EXERCISE GOAL — Given the material below, return only the lines starting at the line with "Steven Spielberg from" and ending at the line with "Government Website for NSCIP", exactly as they appear.

DATASET EXCERPTS —
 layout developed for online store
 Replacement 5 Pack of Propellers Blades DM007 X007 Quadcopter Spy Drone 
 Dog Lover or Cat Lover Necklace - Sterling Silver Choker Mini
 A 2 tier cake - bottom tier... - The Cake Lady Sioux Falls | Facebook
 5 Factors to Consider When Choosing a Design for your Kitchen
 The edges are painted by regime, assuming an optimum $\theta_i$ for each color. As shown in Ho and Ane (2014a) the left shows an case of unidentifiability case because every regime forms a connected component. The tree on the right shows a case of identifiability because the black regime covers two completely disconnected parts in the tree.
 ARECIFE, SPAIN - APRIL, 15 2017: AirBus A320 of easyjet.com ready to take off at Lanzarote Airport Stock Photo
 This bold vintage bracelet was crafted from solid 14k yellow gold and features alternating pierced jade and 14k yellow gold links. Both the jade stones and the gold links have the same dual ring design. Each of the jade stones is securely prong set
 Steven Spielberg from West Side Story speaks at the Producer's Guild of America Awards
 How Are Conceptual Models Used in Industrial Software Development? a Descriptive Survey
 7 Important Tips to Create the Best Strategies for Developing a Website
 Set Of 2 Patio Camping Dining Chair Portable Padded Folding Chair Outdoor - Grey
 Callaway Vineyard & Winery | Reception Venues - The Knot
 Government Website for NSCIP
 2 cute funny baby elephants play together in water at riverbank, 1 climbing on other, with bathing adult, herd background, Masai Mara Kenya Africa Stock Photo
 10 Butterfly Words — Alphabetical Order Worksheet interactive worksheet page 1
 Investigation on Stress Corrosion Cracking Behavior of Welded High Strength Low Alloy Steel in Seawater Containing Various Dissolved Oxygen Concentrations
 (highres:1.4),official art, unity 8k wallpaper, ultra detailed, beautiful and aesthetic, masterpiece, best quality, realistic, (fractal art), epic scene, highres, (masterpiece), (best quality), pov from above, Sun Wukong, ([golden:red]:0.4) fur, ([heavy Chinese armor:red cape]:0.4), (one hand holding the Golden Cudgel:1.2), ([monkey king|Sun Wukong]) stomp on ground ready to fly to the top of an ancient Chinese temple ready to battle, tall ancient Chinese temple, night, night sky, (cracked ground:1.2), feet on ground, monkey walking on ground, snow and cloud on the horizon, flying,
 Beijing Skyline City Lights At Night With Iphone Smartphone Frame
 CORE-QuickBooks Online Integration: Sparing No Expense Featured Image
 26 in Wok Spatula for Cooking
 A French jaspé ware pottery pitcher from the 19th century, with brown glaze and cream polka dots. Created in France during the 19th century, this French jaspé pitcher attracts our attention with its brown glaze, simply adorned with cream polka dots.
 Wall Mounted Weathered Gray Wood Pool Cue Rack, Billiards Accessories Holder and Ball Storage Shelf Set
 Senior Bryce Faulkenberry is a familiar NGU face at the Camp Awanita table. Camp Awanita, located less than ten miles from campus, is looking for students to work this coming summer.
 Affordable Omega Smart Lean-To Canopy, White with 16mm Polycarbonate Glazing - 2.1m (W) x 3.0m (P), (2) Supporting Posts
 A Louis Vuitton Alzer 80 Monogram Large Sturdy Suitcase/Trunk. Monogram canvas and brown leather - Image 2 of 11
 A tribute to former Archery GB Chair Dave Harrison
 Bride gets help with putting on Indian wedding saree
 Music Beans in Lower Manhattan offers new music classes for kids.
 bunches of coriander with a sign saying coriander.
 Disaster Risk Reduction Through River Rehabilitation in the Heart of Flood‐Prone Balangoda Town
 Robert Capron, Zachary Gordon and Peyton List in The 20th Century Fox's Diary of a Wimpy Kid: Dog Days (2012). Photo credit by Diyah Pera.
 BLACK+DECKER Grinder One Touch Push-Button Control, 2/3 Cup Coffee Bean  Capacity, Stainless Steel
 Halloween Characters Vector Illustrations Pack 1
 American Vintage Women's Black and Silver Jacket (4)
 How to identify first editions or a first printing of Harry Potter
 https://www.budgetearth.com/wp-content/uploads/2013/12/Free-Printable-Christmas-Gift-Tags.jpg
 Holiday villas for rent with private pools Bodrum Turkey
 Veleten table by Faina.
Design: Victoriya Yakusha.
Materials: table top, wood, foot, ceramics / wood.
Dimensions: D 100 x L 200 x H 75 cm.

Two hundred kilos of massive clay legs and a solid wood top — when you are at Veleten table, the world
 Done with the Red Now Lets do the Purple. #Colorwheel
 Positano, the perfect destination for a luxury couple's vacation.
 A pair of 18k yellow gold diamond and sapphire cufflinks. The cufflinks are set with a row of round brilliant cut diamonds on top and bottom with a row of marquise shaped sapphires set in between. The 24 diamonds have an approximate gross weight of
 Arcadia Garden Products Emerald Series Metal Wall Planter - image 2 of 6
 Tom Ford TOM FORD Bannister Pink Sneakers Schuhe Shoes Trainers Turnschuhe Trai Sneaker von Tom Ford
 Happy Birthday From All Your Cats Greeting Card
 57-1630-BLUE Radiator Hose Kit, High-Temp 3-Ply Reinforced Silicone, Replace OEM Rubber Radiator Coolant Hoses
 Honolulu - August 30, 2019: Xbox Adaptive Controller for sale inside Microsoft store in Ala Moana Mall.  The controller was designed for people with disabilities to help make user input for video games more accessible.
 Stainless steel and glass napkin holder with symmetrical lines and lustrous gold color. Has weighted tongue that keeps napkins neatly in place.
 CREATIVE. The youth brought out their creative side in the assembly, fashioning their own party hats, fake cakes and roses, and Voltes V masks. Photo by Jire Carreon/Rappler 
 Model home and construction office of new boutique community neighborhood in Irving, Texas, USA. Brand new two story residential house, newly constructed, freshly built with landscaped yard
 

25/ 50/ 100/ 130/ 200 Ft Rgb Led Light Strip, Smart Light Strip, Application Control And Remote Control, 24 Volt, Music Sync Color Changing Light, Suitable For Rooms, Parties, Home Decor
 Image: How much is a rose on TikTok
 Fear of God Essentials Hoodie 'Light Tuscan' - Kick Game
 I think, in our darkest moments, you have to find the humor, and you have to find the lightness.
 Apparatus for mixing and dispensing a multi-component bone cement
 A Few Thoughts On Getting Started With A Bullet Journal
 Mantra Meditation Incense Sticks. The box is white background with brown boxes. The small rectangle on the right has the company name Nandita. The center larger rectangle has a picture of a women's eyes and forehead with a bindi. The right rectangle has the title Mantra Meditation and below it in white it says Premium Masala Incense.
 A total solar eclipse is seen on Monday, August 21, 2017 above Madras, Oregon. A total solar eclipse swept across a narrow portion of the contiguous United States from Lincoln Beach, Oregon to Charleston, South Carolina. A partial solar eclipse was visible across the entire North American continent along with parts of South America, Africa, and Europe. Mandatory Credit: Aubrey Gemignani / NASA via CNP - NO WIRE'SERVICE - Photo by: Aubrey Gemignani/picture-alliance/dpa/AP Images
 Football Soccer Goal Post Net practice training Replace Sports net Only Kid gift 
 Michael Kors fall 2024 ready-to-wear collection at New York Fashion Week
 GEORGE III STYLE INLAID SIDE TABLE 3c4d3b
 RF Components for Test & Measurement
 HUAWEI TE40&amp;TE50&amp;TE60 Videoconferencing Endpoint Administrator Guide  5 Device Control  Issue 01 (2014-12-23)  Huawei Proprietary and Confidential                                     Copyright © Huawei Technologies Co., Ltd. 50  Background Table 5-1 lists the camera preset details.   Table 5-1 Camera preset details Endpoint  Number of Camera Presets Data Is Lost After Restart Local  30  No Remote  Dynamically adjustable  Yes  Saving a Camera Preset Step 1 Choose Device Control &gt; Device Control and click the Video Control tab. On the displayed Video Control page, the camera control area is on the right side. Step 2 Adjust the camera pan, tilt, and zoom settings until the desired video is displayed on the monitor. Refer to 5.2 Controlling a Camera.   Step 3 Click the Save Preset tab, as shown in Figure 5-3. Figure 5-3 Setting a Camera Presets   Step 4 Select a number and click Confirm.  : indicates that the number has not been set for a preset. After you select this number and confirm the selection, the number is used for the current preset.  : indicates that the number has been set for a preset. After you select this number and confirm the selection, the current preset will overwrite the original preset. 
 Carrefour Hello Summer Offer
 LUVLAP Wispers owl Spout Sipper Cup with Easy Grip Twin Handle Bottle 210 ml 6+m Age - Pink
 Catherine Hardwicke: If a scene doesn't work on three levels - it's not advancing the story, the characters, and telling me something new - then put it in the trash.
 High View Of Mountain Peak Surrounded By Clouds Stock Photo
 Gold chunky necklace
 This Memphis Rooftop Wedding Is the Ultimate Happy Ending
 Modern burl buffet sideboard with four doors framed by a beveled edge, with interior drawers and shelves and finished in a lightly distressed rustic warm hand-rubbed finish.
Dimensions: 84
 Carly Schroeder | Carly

RESPONSE FOR THIS EXERCISE —
 Steven Spielberg from West Side Story speaks at the Producer's Guild of America Awards
 How Are Conceptual Models Used in Industrial Software Development? a Descriptive Survey
 7 Important Tips to Create the Best Strategies for Developing a Website
 Set Of 2 Patio Camping Dining Chair Portable Padded Folding Chair Outdoor - Grey
 Callaway Vineyard & Winery | Reception Venues - The Knot
 Government Website for NSCIP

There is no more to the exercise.